Start of Records for this task

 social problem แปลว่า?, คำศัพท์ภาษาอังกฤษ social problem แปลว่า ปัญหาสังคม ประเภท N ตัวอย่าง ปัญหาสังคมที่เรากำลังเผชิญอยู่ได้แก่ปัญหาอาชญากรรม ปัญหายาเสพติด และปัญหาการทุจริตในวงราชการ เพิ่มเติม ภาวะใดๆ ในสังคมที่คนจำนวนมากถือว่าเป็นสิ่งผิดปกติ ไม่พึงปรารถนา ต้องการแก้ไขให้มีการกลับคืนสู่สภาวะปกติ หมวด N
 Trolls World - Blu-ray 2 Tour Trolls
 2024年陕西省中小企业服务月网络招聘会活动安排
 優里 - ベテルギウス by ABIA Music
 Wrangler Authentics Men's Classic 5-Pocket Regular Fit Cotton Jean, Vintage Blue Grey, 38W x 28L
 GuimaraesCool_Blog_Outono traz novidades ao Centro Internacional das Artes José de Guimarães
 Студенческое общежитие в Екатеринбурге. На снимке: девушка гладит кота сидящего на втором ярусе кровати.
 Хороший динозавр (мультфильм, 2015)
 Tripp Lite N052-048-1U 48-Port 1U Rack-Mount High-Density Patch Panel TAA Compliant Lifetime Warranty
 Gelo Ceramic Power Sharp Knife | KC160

End of Records for this task

▸ **Required work**
Working down from the line that contains "Студенческое общежитие в", retype each line exactly through the last line of the data, and give nothing else.

▸ **Response to the task**
 Студенческое общежитие в Екатеринбурге. На снимке: девушка гладит кота сидящего на втором ярусе кровати.
 Хороший динозавр (мультфильм, 2015)
 Tripp Lite N052-048-1U 48-Port 1U Rack-Mount High-Density Patch Panel TAA Compliant Lifetime Warranty
 Gelo Ceramic Power Sharp Knife | KC160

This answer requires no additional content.